Monte di Pietà is the large well-maintained (it's owned
by the Bank of Naples!) building on the south side
of via San Biagio dei Librai near the
intersection of via San Gregorio Armeno (#25 on this map). The church at
the back of the courtyard that you see as you peer
through the large portal is properly called the
Chapel of the Monte di Pietà. The entire structure has to do with the
institution in Italy of church-run non-profit pawn
houses that had started to open throughout Italy in
the mid-1400s in order to combat usury. (See this link for
further information on the origins of pawn houses and
public banks in Naples.)
The Monte di Pietà was, indeed, one of the
first such "pawn houses" in Naples, founded in 1539.
The original institution was in the Palazzo Carafa
d'Andrea some blocks farther to west, still in
the historic center of town. The Monte acquired new
property, the current location, in 1597, purchasing
the residence of Girolamo Caraffa. (Caraffa —also
spelled Carafa— is a family of Neapolitan nobility
going back to the 11th century and with a subsequent
genealogy of noblemen, military and clergy.) The
original building on the site was demolished and a new
one put up, the one we see today, by Giovan Battista Cavagna,
the architect also responsible for a number of other
works in Naples, including the facade of the grand
church and monastery of San
Gregorio Armeno around the corner from the
Monte di Pietà.
The chapel "annex" of the pawn brokerage was
finished in 1605 and was the product of the combined
sculpting and painting genius of Michelangelo Naccherino,
Pietro Bernini (1562-1629), father of the better known Gian Lorenzo
Bernini), Belisario
Corenzio, and Fabrizio Santafede.
During Masaniello's
Revolt in 1647, the building was spared the
ravages of the violence through a timely intervention
on the part of Giulio Genoino, an elderly priest
widely believed to be the "brains" behind the revolt.

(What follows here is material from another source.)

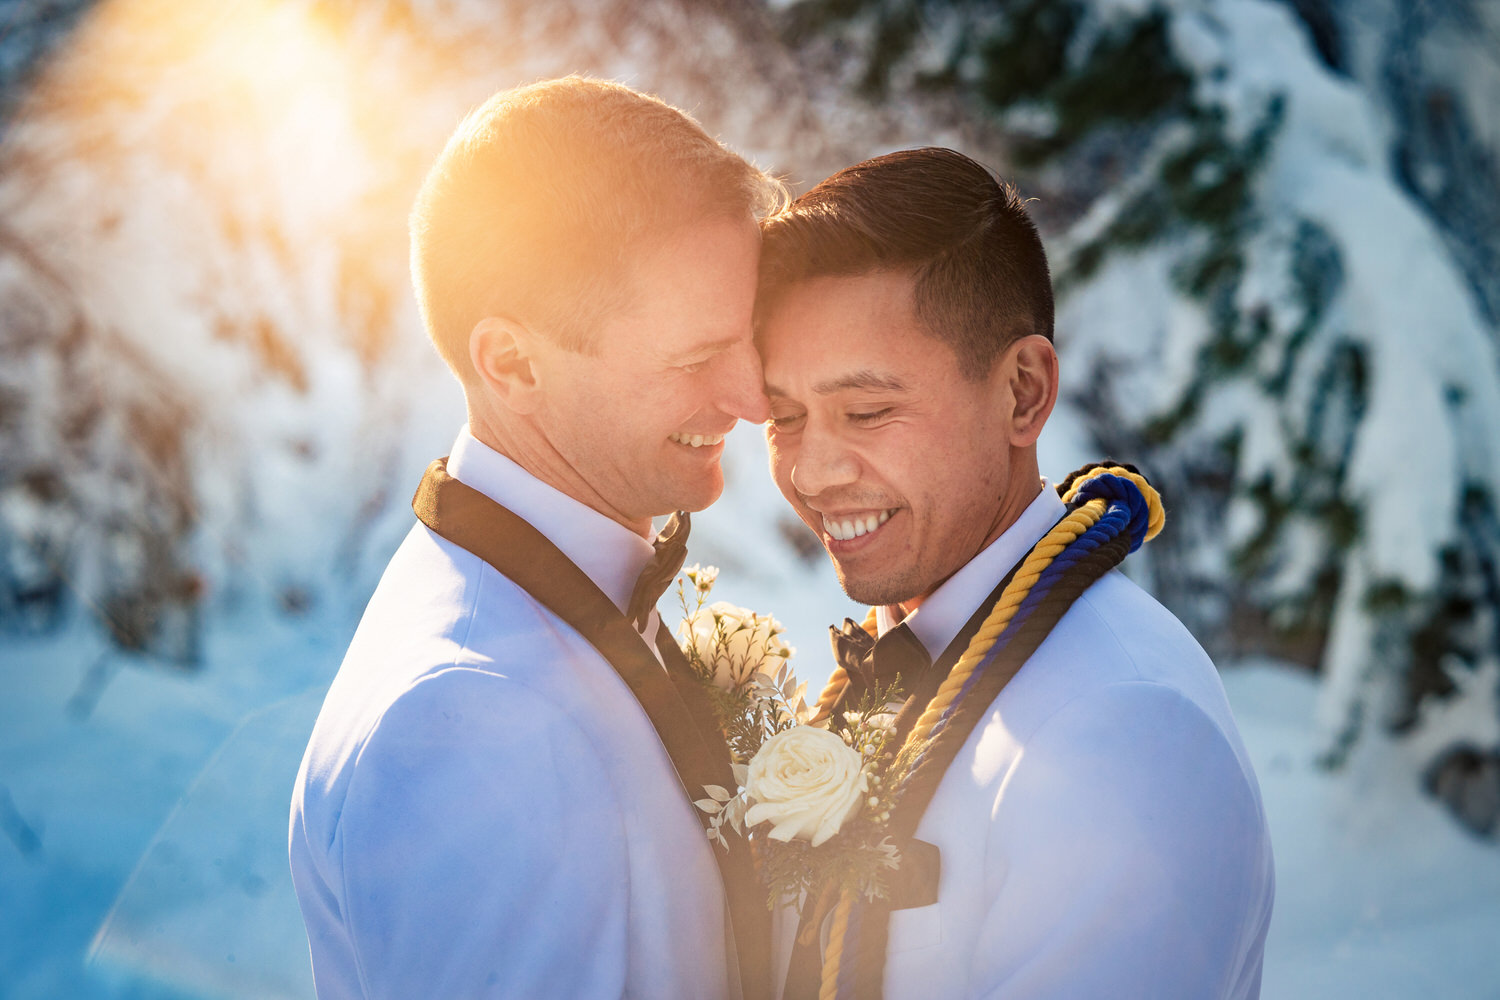 Sunset portrait in winter of two grooms wearing white tuxedos.

There was, however, a mysterious fire in 1786 that did
a great deal of damage to the premises, by that time
gone from pawn brokerage to public bank. (The building
still houses an important branch of the Bank of
Naples.) The chapel, however, was not damaged. The
chapel is a jewel of artwork from the Neapolitan
Baroque of the 1600s. It is decorated in gilt stucco
and has a majolica tile floor; other than the artists
mentioned above, there are works by Ippolito Borghese,
Giuseppe Bonito, the tomb of cardinal Ottavio
Acquaviva by Cosimo Fanzago
and, from a later period, portraits of Charles III of Bourbon
and his queen consort, Maria Amalia, the first Bourbon
royal family of the Kingdom of Naples.